Wir sind wahnsinnig froh darüber, dass die Pferde ihre Sozialisation nun also selbst in die Hand genommen haben - wir hätten uns niemals getraut, so bald nach den anfänglich so harten Kämpfen wieder einen Versuch zu dritt zu wagen.
So verbringen wir jetzt also bei traumhaftem Wetter einen wunderschönen Herbst mit den friedlichen Jungs und freuen uns über jedem Tag mit ihnen. So soll es sein, so kann es bleiben..... :)
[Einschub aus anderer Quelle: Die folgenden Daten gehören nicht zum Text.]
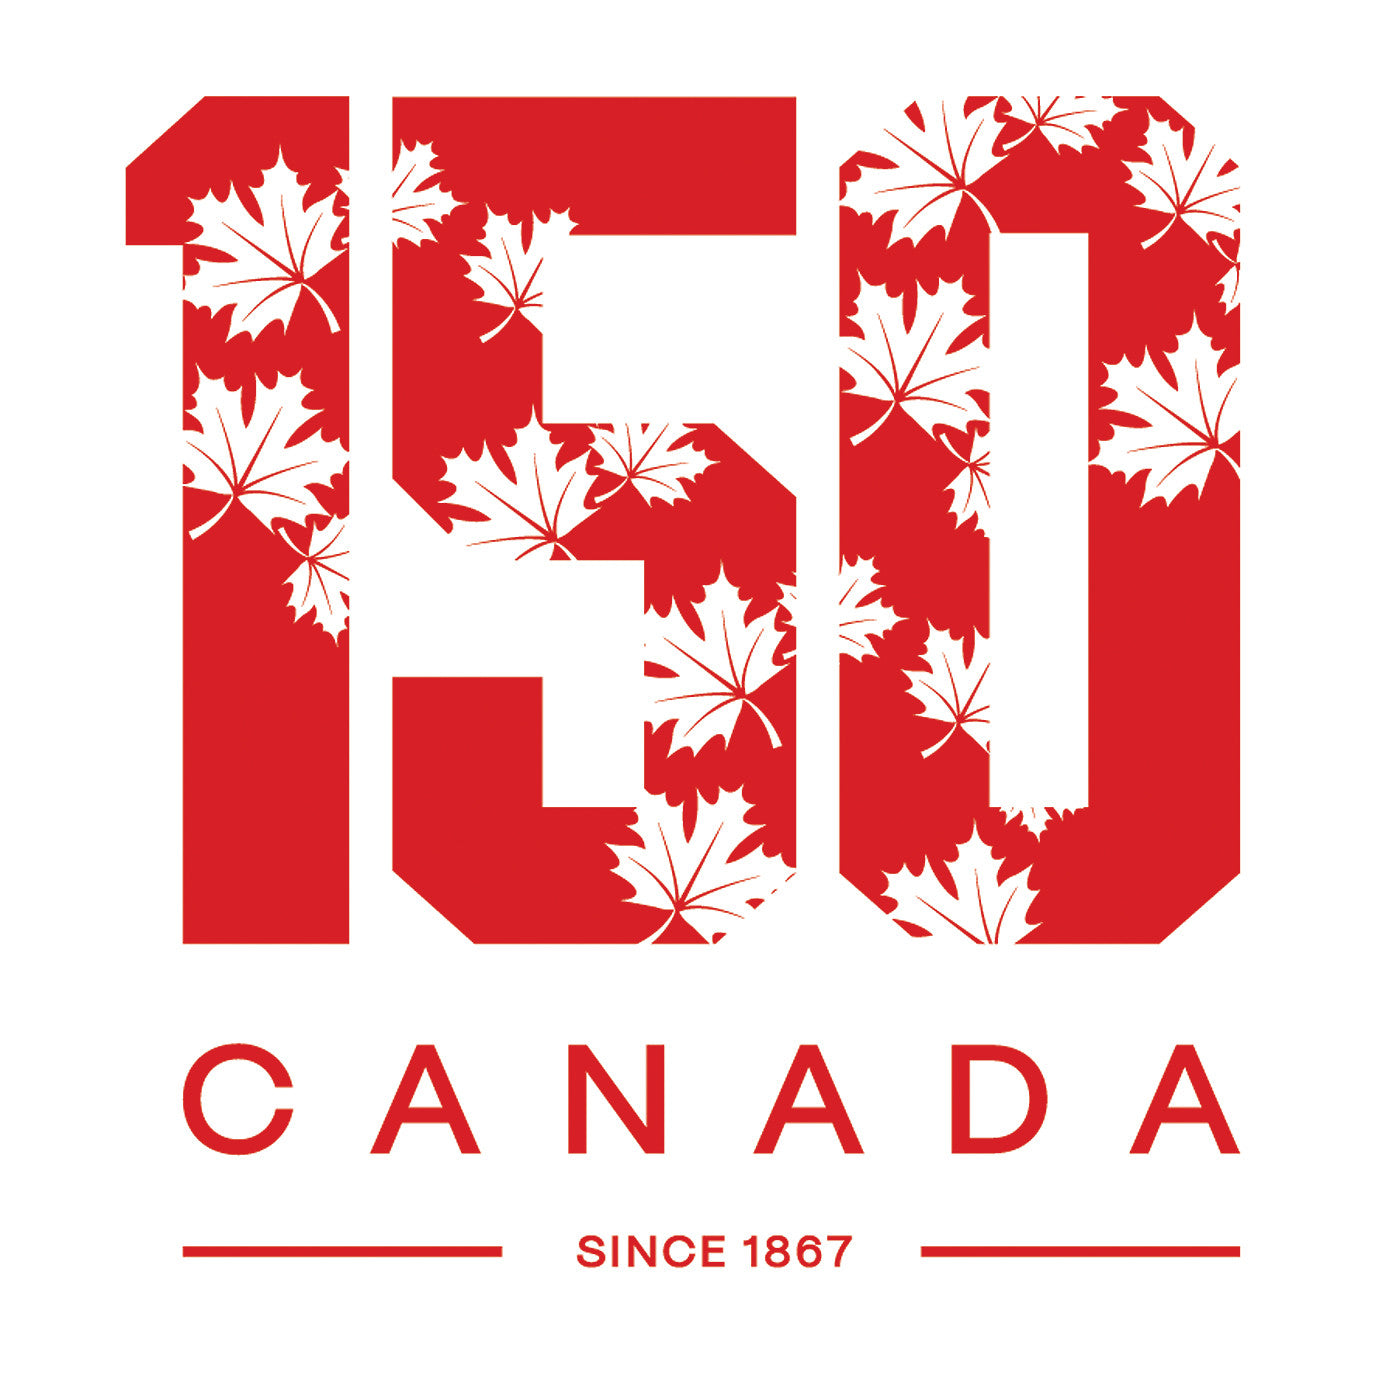 Let's Celebrate Canada's 150th – Leather-Moccasins

20. August  -  der arme Toni.... 

Als wir gestern nach seiner zweiten Nacht in den Stall kamen, trauten wir unseren Augen kaum:
Die Zäune waren an vielen Stellen völlig zerstört. Litzen zerrissen, Pfosten aus der Erde gerissen, Isolatoren zerbrochen, es sah aus wie auf einem Schlachtfeld.
Die mit den Punkten haben offenbar einen bitterbösen Streit vom Zaun gebrochen (sie waren mit drei Reihen Litze voneinander getrennt, konnten also schon Kontakt aufnehmen) und sie haben dem völlig unterwürfigen Toni übel mitgespielt. Als wir da waren, konnten wir nicht mehr verhindern, dass Ole sich noch mal auf ihn gestürzt und sich laut knurrend in seinem Hals festgebissen hat. Zum Glück konnte Lui sie trennen bevor es zu ernsthafteren Verletzungen kam, aber wir sind wirklich entsetzt.
Weil der Johnny nur weg wollte - er hat die ranghohe Position der anderen nie in Frage gestellt und wollte ihnen voller Angst aus dem Weg gehen, aber sie haben ihn, als hätten sie sich abgesprochen, von vorne und hinten an einer blöden Stelle eingekesselt, sodass er keine Chance hatte zu entkommen.
Mir ist unbegreiflich, warum sich Pferde so verhalten, wo doch die Rangordnung gar nicht bedroht war. Dass es mal Prügeleien gibt und Rangordnungskämpfe, die auch ausdiskutiert werden müssen, ist klar. Aber das war als wäre der Ole in einem regelrechten Blutrausch, als wollte er ihn umbringen.
Eine Schlüsselrolle scheint hier der Beppi zu spielen, der das Ganze deutlich angeheizt hat und offenbar die treibende Kraft ist.
Deshalb wird er sich nun endgültig von seinen Kronjuwelen verabschieden - wir warten bereits auf einen Termin für die Kastration, sobald es die Fliegen-Situation zulässt.
Bis dahin wird es erst mal keine Versuche zur Vergesellschaftung geben. Wir haben wieder eine 3m breite Pufferzone eingerichtet, sodass die Pferde auch keinen Kontakt über den Zaun mehr haben können. Jetzt werden wir die Zeit nutzen, um die drei kontrolliert in Kontakt zu bringen - zum Beispiel bei der Arbeit auf dem Reitplatz, Spaziergängen oder beim Grasen an der Longe. Sie auf der Koppel sich selbst zu überlassen, können wir erst mal nicht verantworten.
Jetzt müssen erst mal Tonis viele kleine Wunden (siehe Bilder) verheilen und der Gute darf sich in Ruhe erholen...

18. August  -  Herzlich Willkommen, Tornado! 

Es gibt große Neuigkeiten bei den Jungs - sie haben einen neuen Kumpel bekommen.
"Tornado" (über 'Tonni' sind wir grade bei 'Johnny' gelandet) gehört dank Volker jetzt Lui :)
Er ist ein lieber vierjähriger Kaltblut x Schweres Warmblut Mix, kommt als Polen, wo er schon gefahren wurde und soll für Lui ein verlässliches Freizeitpferd werden. 
Für ein Kaltblut ist er sehr gehfreudig und zeigt schöne und elegante Bewegungen mit einer überraschend aktiven Hinterhand. Auch die Tierärztin der Ankaufsuntersuchung und ihre Helfer waren ganz schön begeistert vom Tönnchen.
Hier zwei Bilder von der AKU in der Klinik an der Rennbahn in Baden-Baden.


Willkommen zu Hause und herzlichen Glückwunsch, Lui, zu diesem tollen Pferd!